### ASSIGNED TASK
Produce a word-for-word copy of the data that follows, excluding images.

### GIVEN DATA
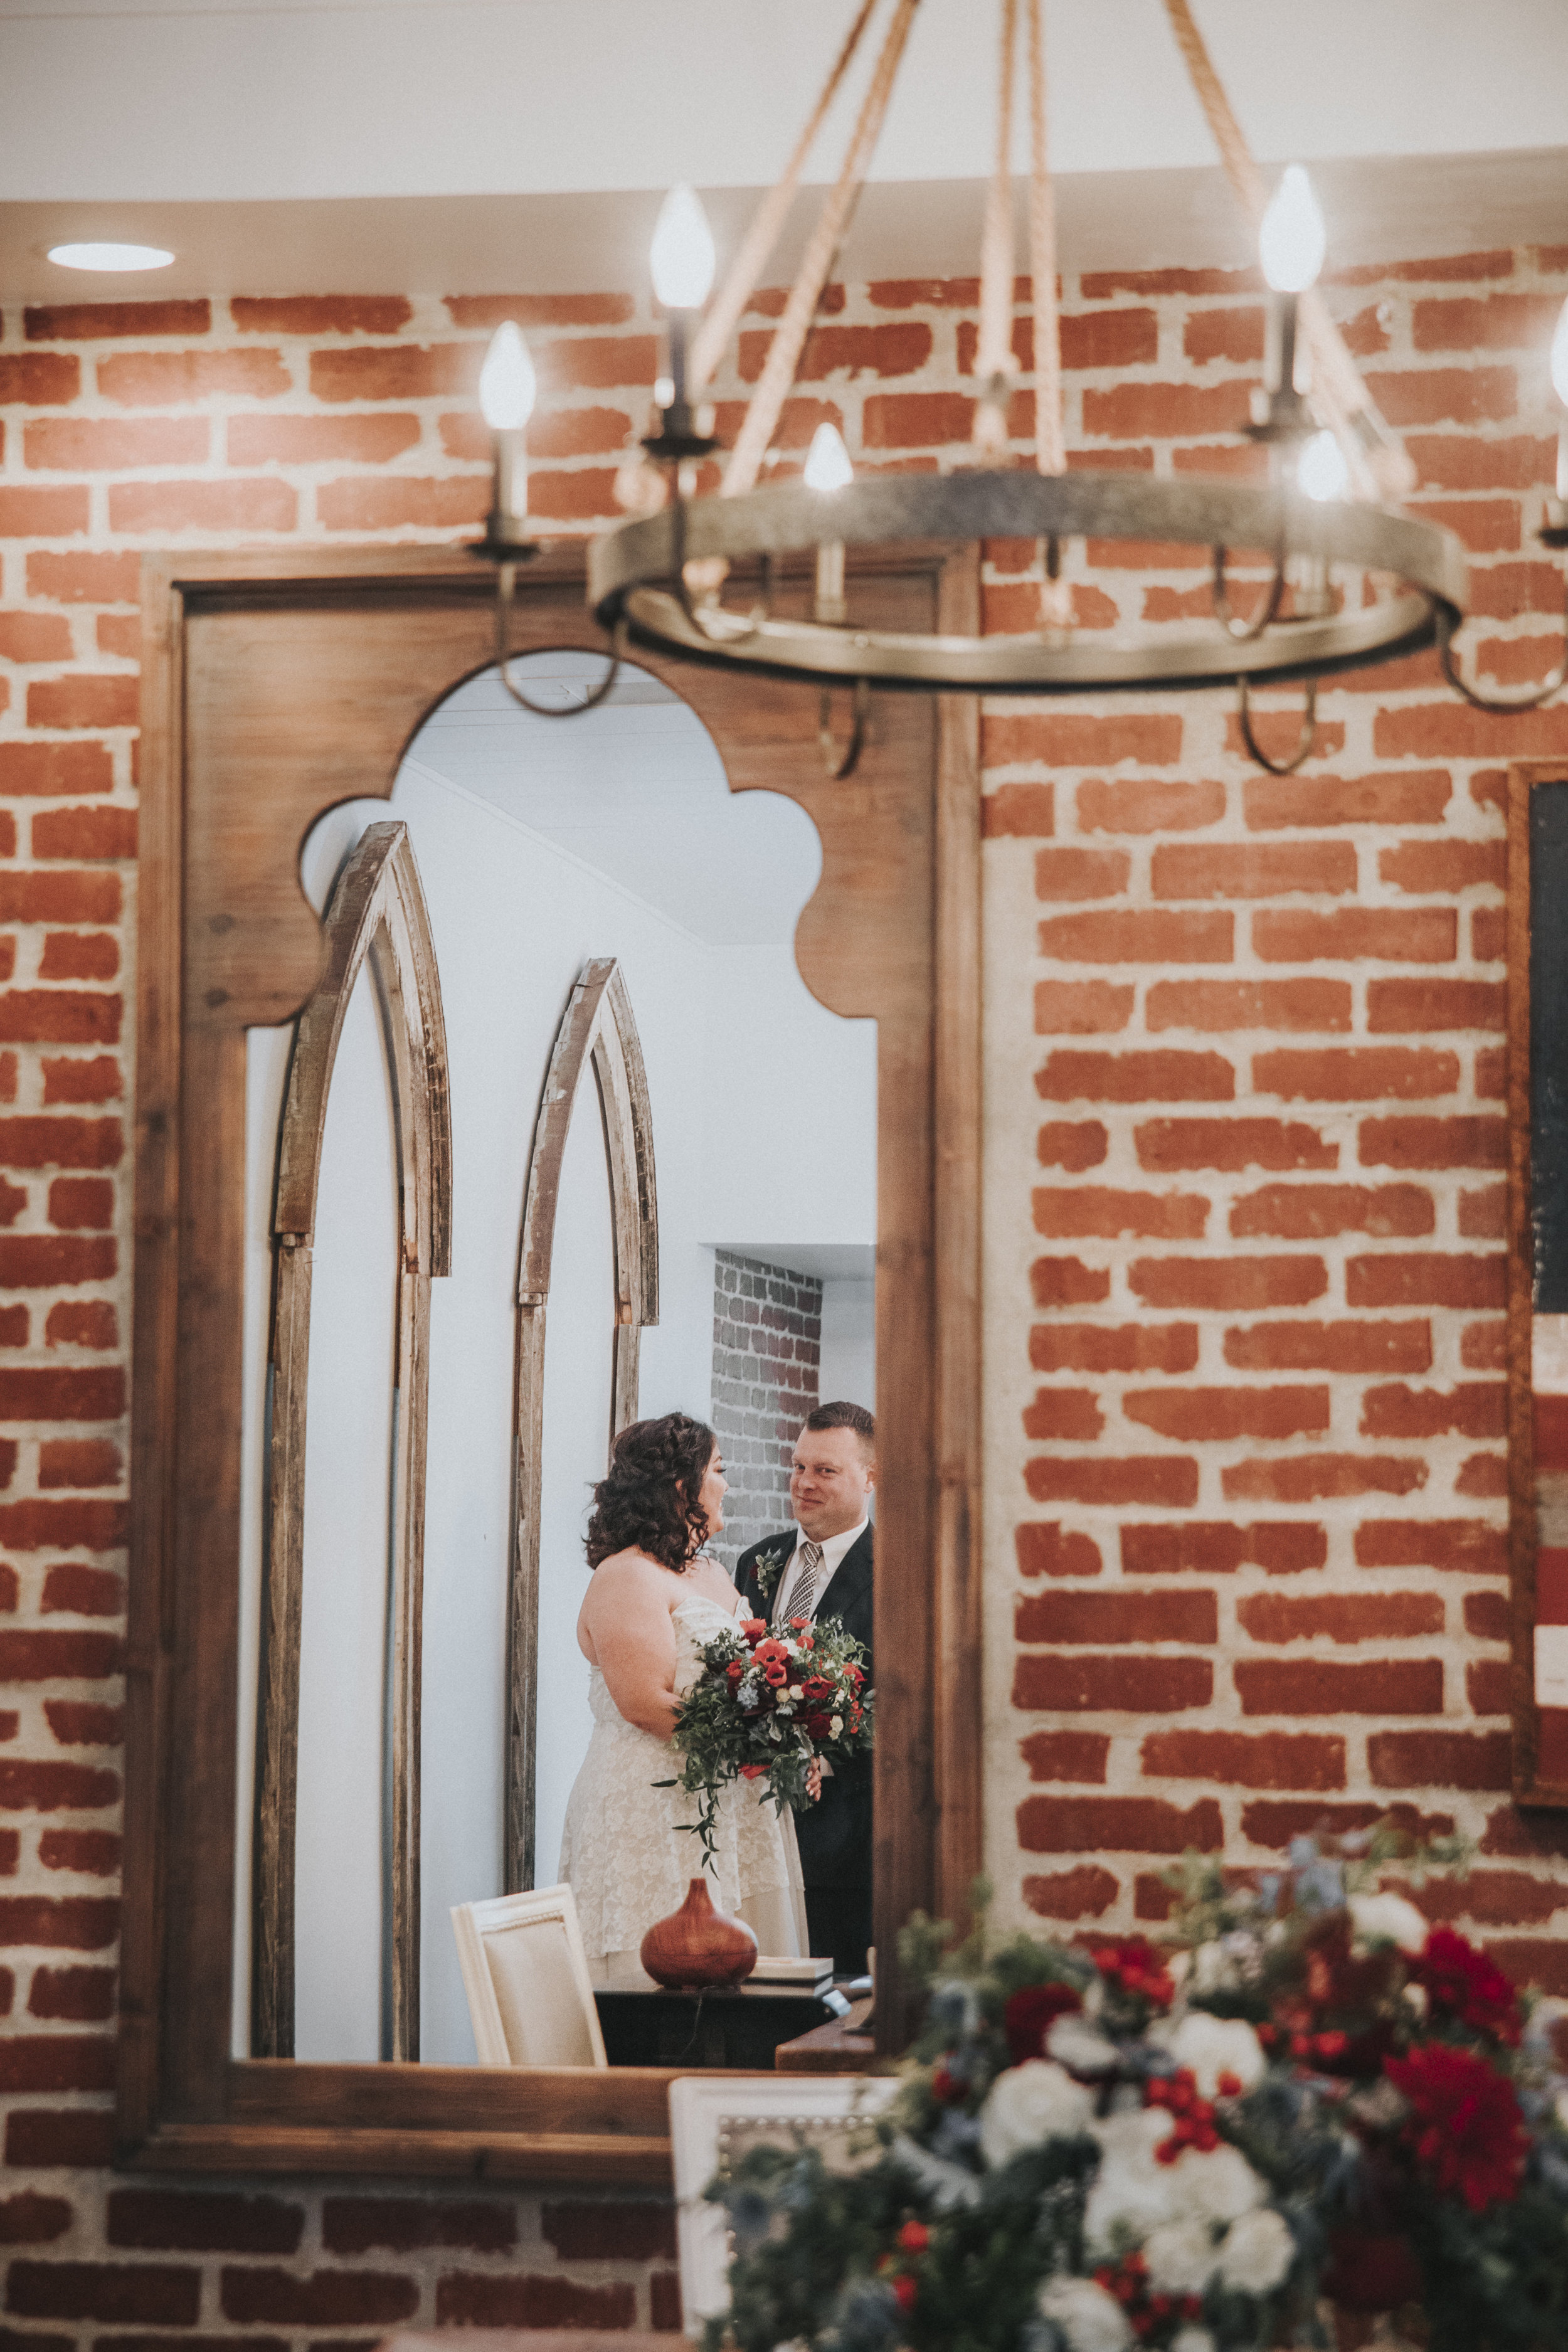 104 midwest-colorado-nebraska-elopement-photography-gretna-turtledoves.jpg
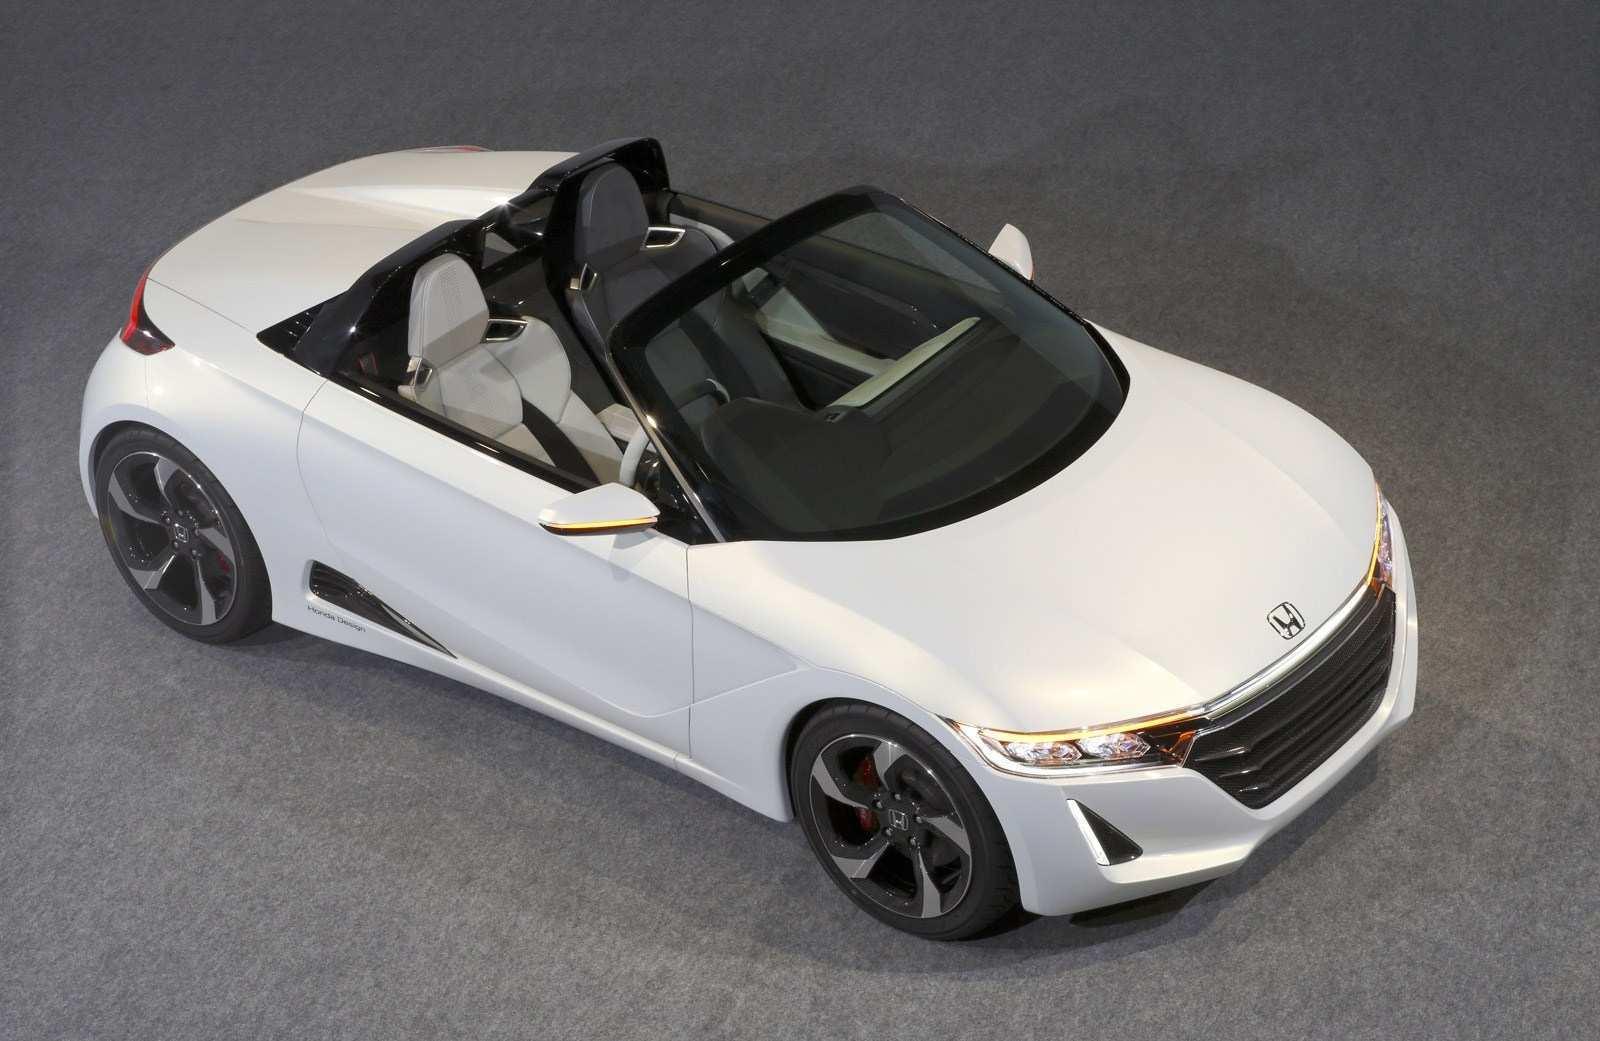 70 Great 2020 Honda S660 Exterior and Interior for 2020 Honda S660
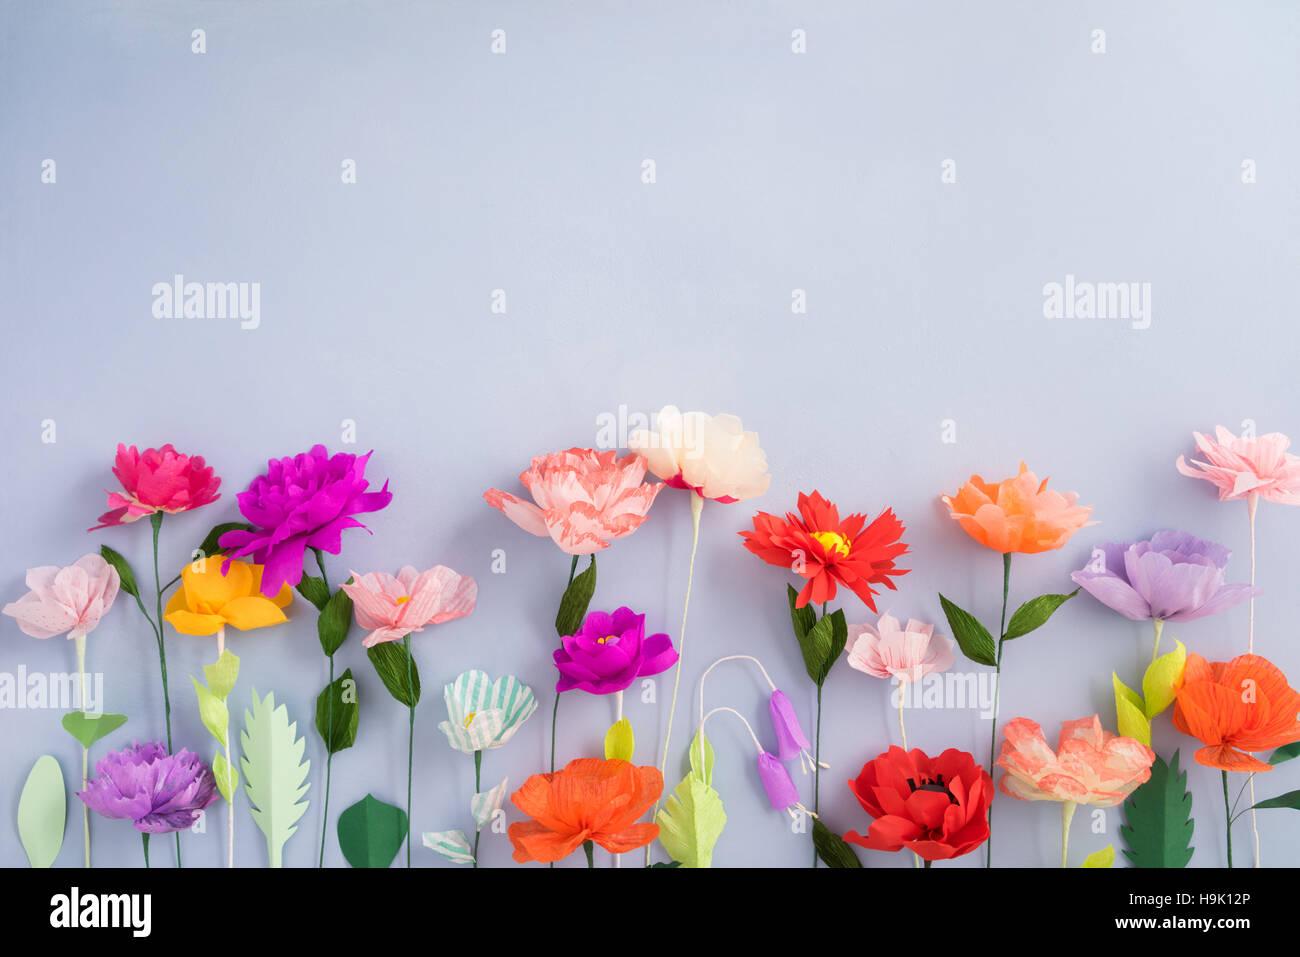 Handmade Paper Flowers Stock Photo 126422430 Alamy
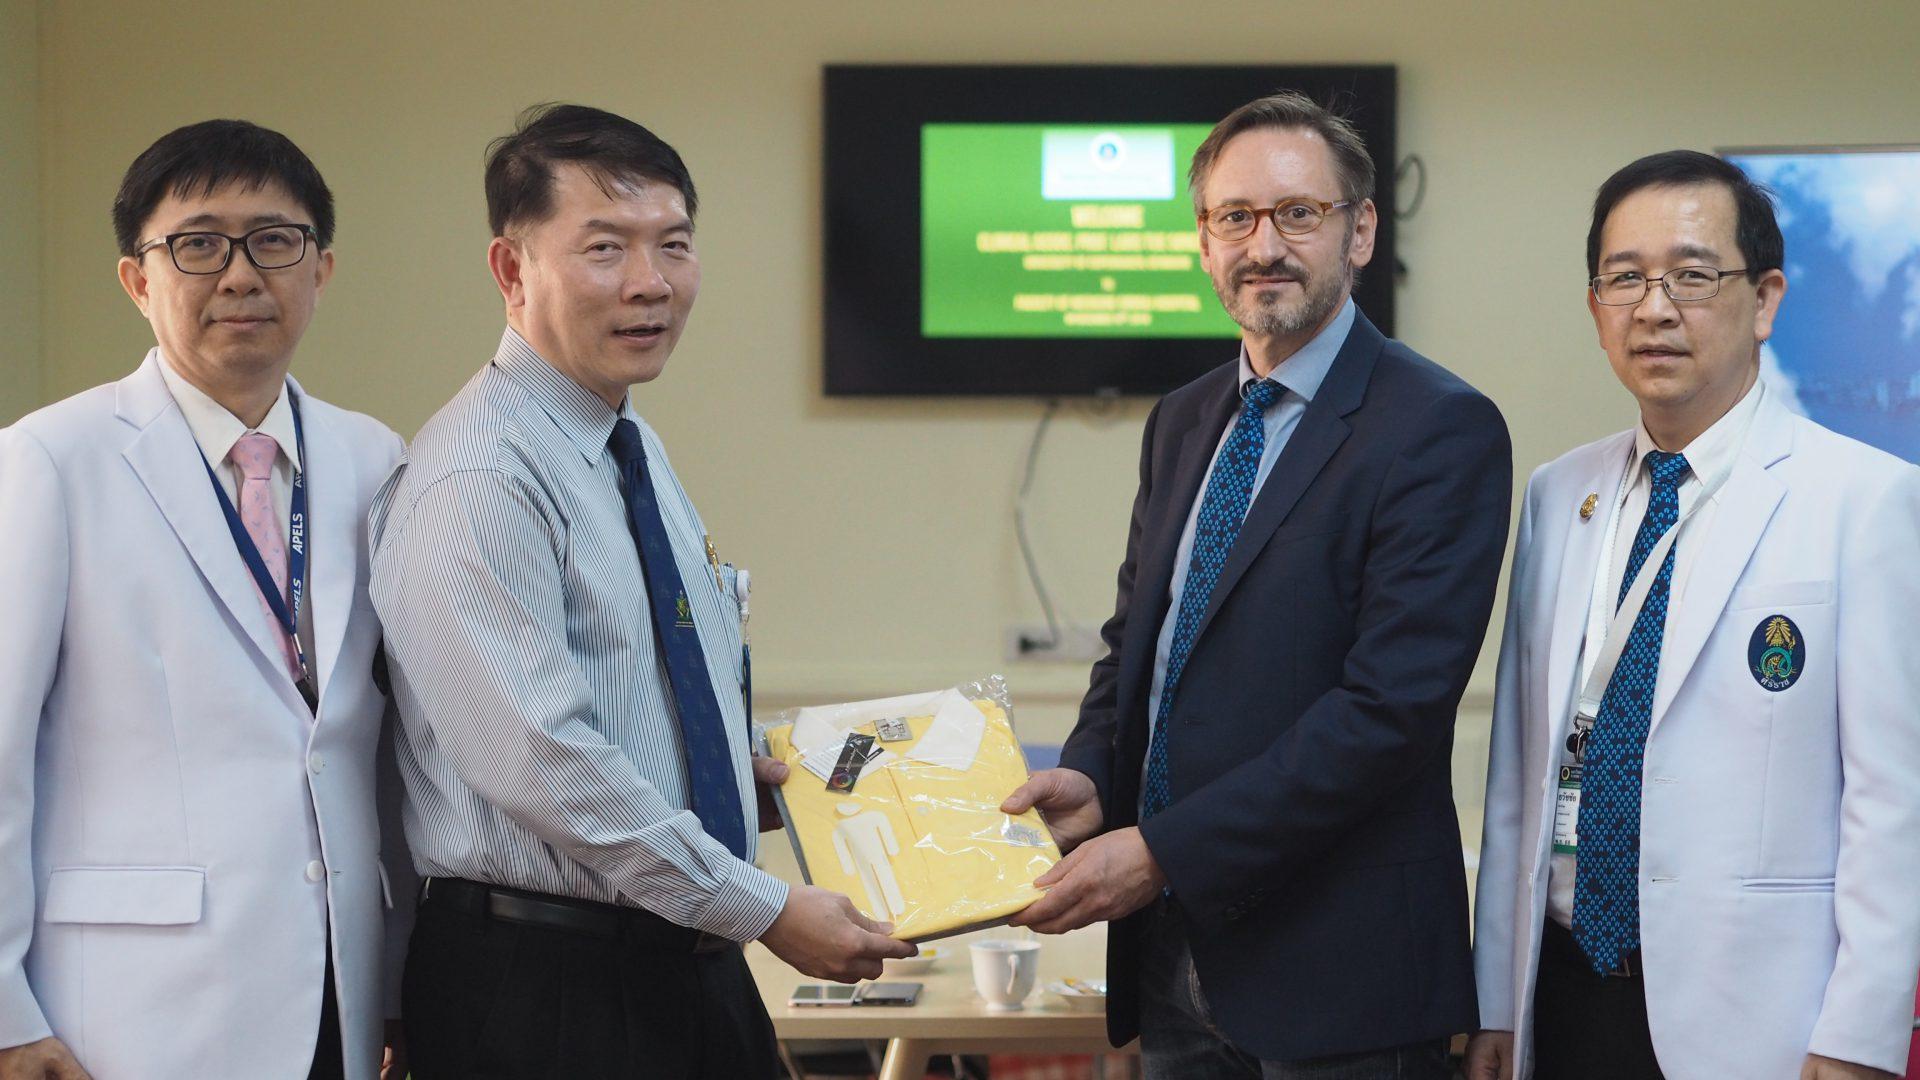 Professor of University of Copenhagen, Denmark Visits Siriraj

### SOLUTION BELOW
 104 midwest-colorado-nebraska-elopement-photography-gretna-turtledoves.jpg
 70 Great 2020 Honda S660 Exterior and Interior for 2020 Honda S660
 Handmade Paper Flowers Stock Photo 126422430 Alamy
 Professor of University of Copenhagen, Denmark Visits Siriraj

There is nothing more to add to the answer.